Apremilast is an oral phosphodiesterase 4 inhibitor that has been shown to regulate inflammatory mediators.6 Phosphodiesterase 4, the dominant phosphodiesterase expressed in immune cells, degrades cyclic AMP (cAMP) into AMP. Phosphodiesterase 4 inhibition thereby elevates intracellular cAMP, which can down-regulate the inflammatory responses through mechanisms such as partially inhibiting expression of inflammatory cytokines and increasing expression of anti-inflammatory mediators such as interleukin-10.6 ,7

The phase 3 Psoriatic Arthritis Long-term Assessment of Clinical Efficacy (PALACE) clinical trial programme assessed the efficacy, tolerability and safety of apremilast in patients with active PsA across four placebo-controlled trials. This report describes results from the first trial (PALACE 1) that enrolled patients with active PsA despite prior traditional disease-modifying antirheumatic drugs (DMARDs) and/or biologics.

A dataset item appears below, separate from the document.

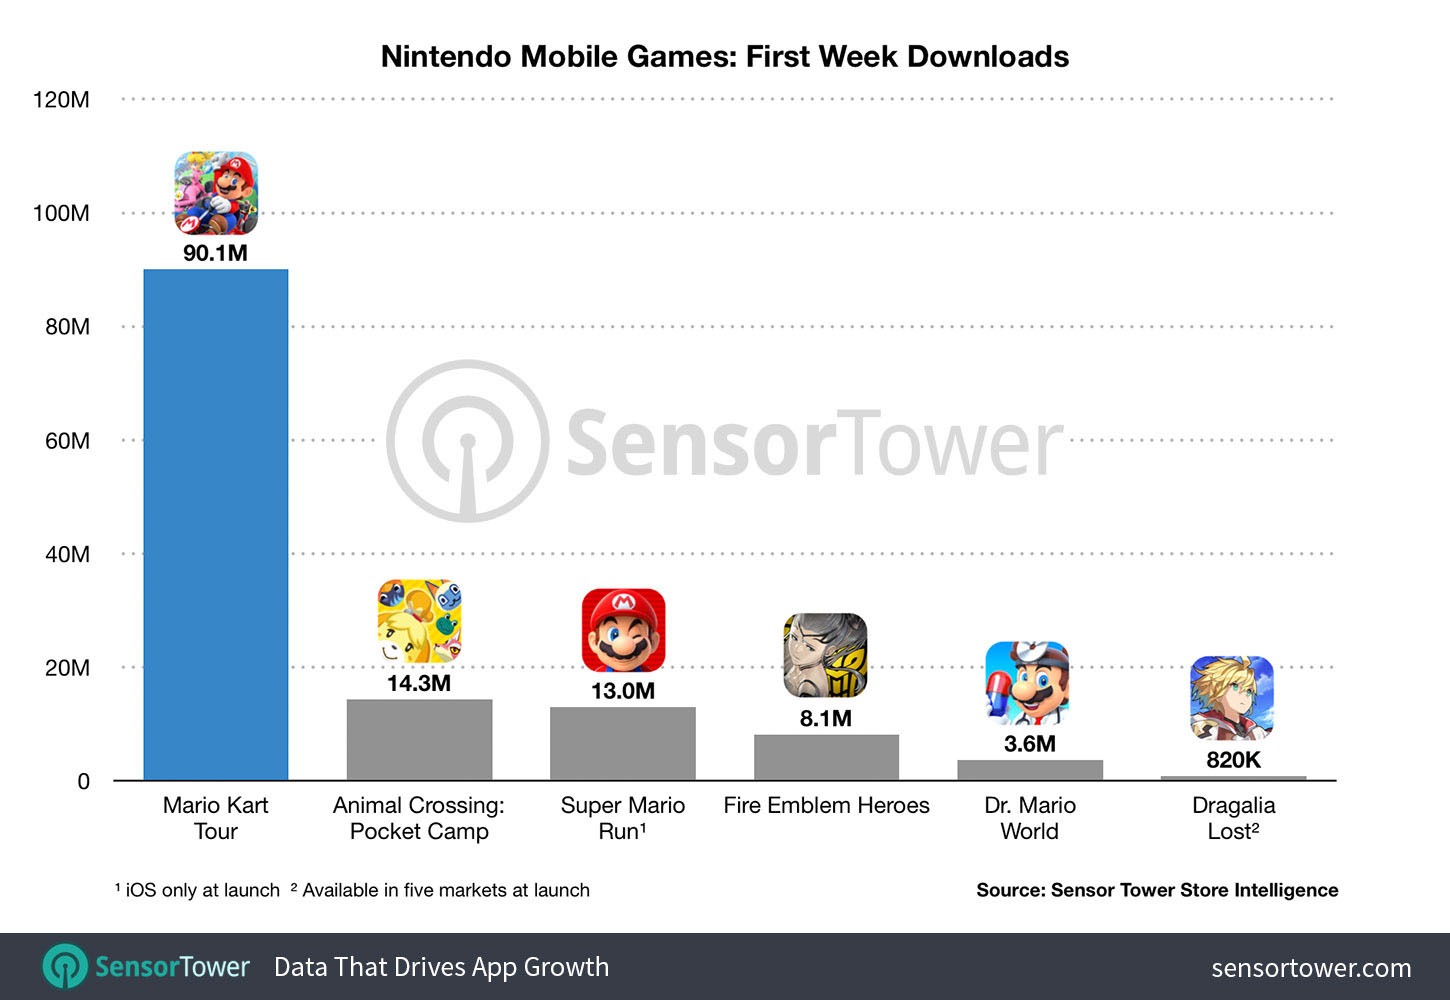 Mobilne Mario Kart znalazło się wyraźnie na czele, jeśli chodzi o debiuty mobilnych gier Nintendo. - Mario Kart Tour nadal dominuje - ponad 90 mln pobrań w tydzień - wiadomość - 2019-10-03

Patients were eligible for enrolment if they were ≥18 years of age and were diagnosed with active PsA. The institutional review boards at each participating medical centre approved the protocol and all patients provided written informed consent before study entry. Patients were required to meet the Classification Criteria for Psoriatic Arthritis (CASPAR)8 at screening and have a minimum of both three swollen and three tender joints, despite prior treatment with traditional DMARDs and/or biologic treatment or concurrent treatment with traditional DMARDs. Prior tumour necrosis factor blocker efficacy failures were limited to ≤10% of enrolled patients. Patients taking methotrexate, leflunomide or sulfasalazine must have been treated for at least 16 weeks and on a stable dose (oral or parenteral methotrexate ≤25 mg/week; leflunomide ≤20 mg/day; sulfasalazine ≤2 g/day; or a combination) for at least 4 weeks before the screening visit. Stable doses of oral corticosteroids (prednisone ≤10 mg/day or equivalent for at least 1 month) and non-steroidal anti-inflammatory drugs (≥2 weeks) were permitted.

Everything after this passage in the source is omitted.